We arrived at the Zambezi River just as the ferry was pulling away.  Rather than sitting in the car, we got out and watched the goings-on while waiting for the ferry to return.  There was a group of people gathered around watching a local huckster trying to cheat money out of passing truck drivers in a game of Three Card Monty.  The ploy was rendered obvious (at least to me) by the fact that the ringer, a local boy, was putting up a large sum of money as a way of enticing other punters to put up their cash.  It was a clear case of "What is wrong with this picture?", because it was extremely unrealistic that a small boy in that part of Africa would have the means to gamble at all - much less with such sums of money.  Anyway, luckily, it seemed that there were no suckers around to fall for the trick.  Sometimes it pays to be poor!

When the ferry returned, I had to step out of the truck and board the ferry on foot as they only allow one person to be in the vehicle on the ferry at one time.  Foot passengers like myself paid 1 meticais (2 cents) to cross the river, while vehicle drivers were required to pay 100 times that amount.
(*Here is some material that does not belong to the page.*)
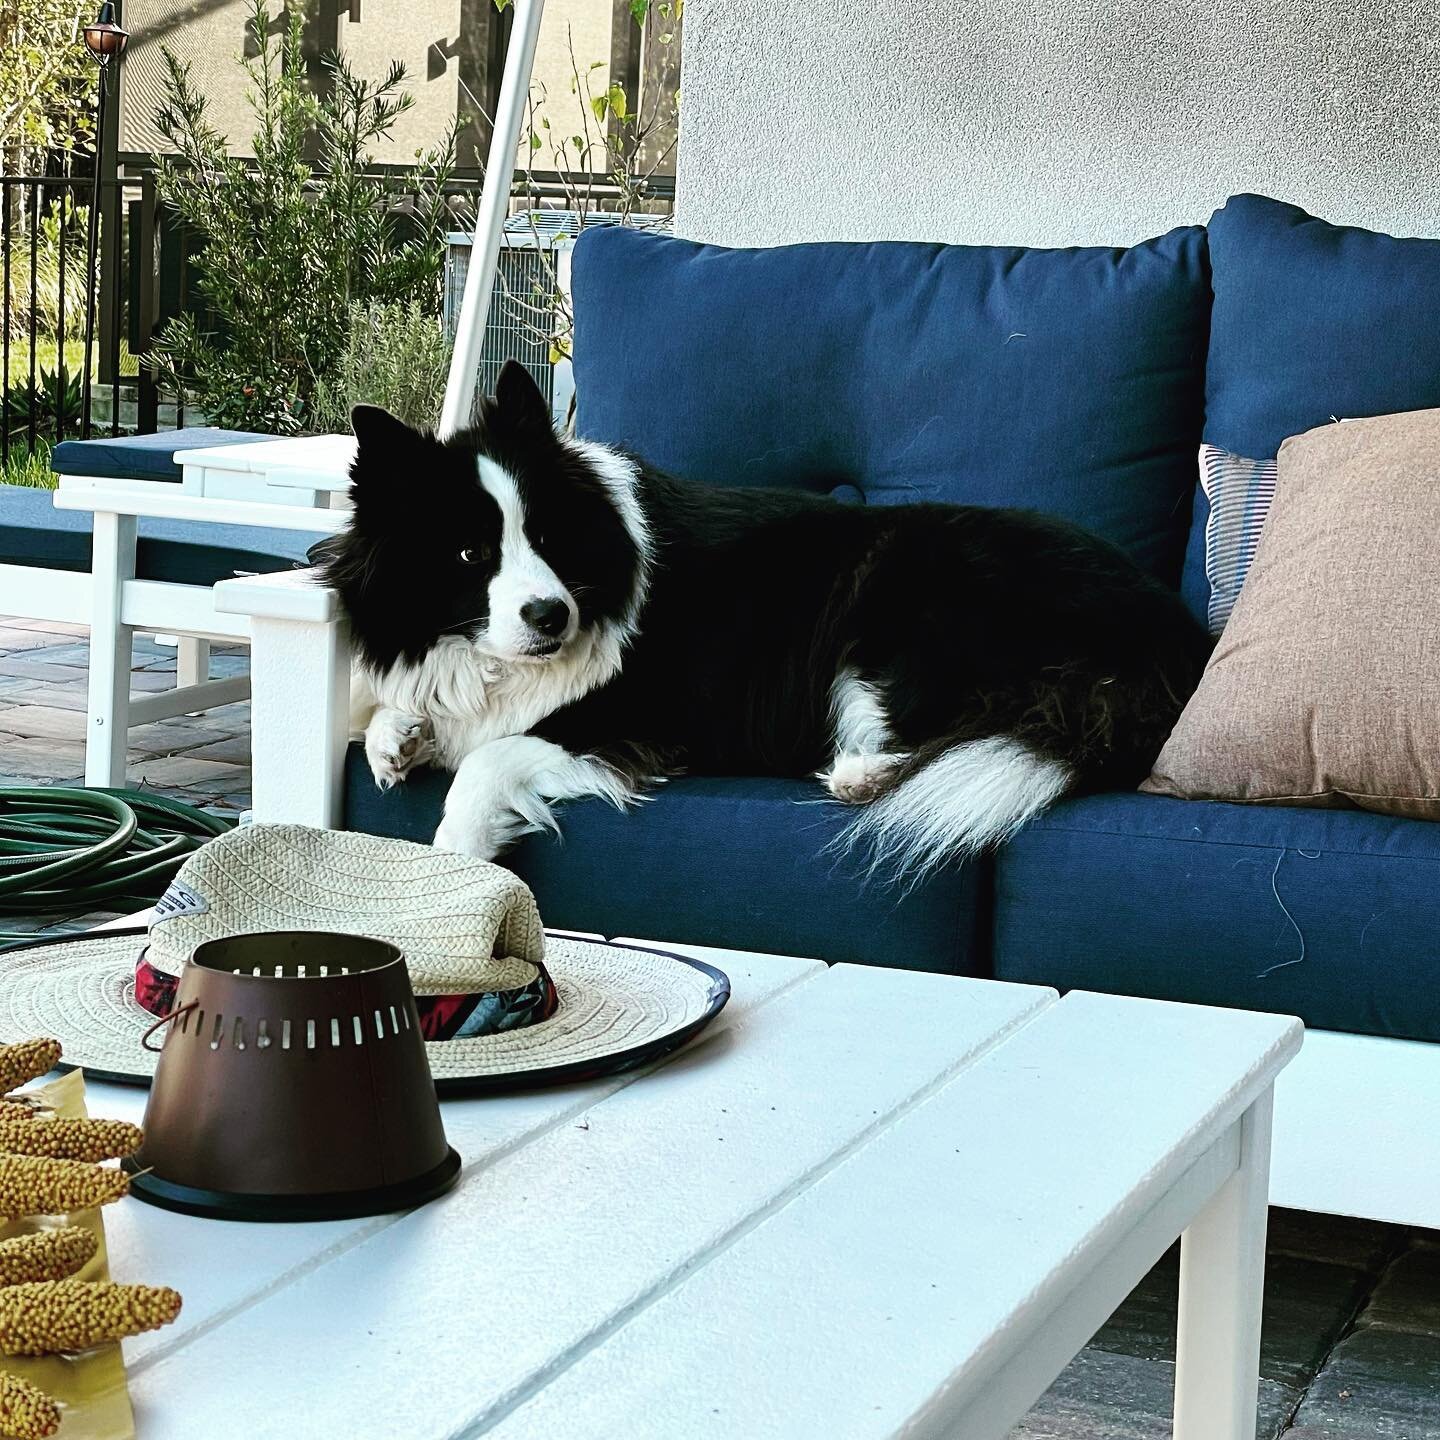 Sadie chilling out on the patio.  She loves it back here.  #bordercollie #dog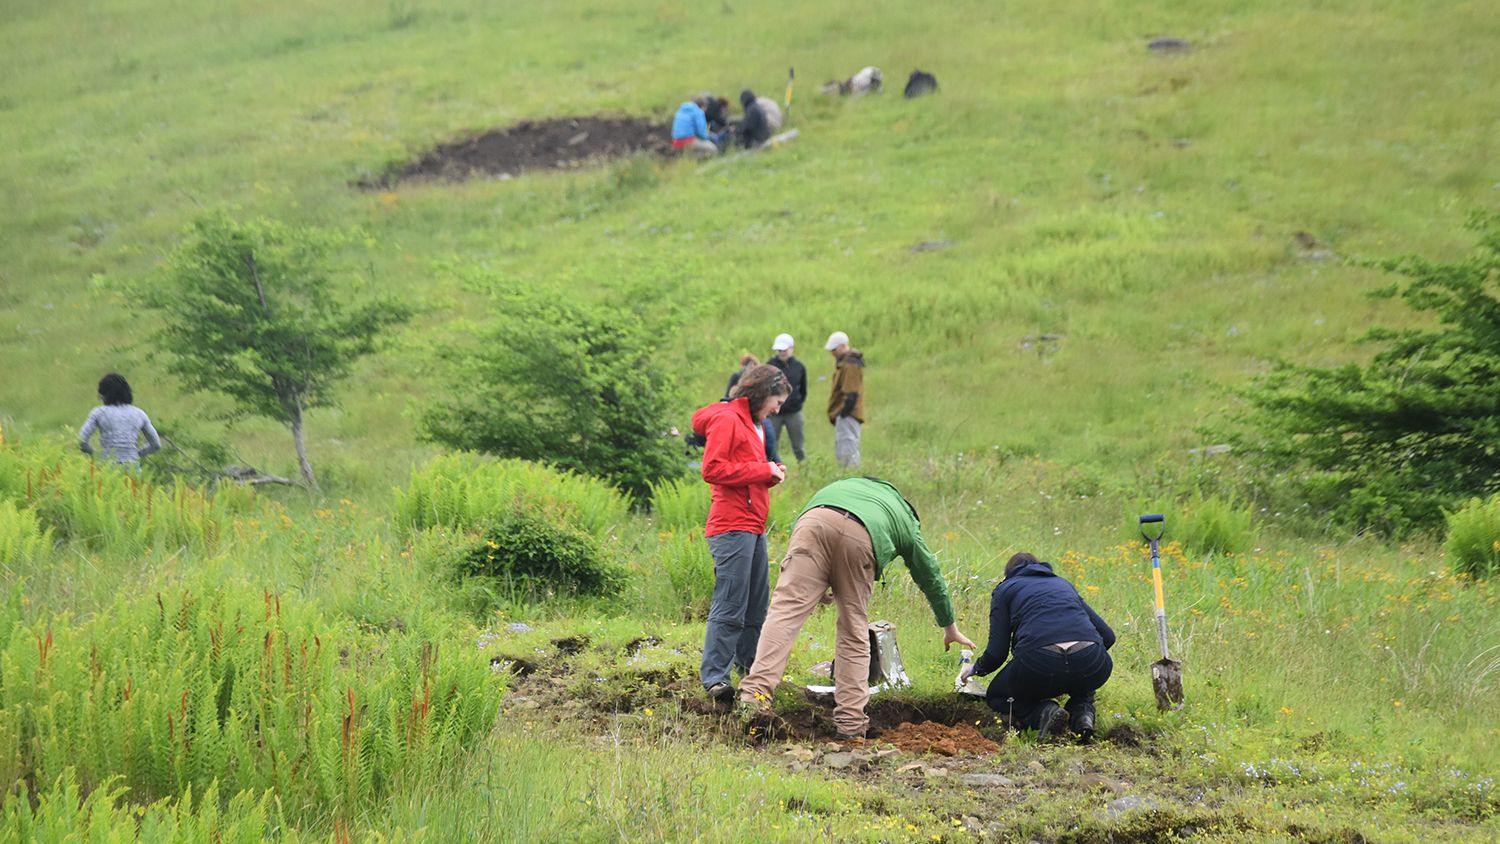 students dig in the soil at a field site.

We arrived in Chimoio at 16:00 and Helmut checked into the nicest hotel in town, which was a very nice but overpriced place (US$55 a night) that was too expensive for me.  Helmut then drove me around looking at the other accommodation options, most of which were wildly overpriced for what they were.  In the end I settled for the Pink Papaya, a fairly new backpacker's hostel run by Helen, a white Zimbabwean woman.  A single room there went for US$20 per night, and it represented just the right combination of price, quality and safety for me.  Afterwards we went to a supermarket (Shoprite - part of a South African chain), where I bought provisions (i.e. bread, peanut butter, crackers and cheese) for the rest of the drive.  We then had a nice, filling dinner at a German restaurant that Helmut knew in Chimoio.  There used to be a fantastic Italian pizza joint in town according to several sources, but it had just closed for renovations.  Too bad, because I was starving.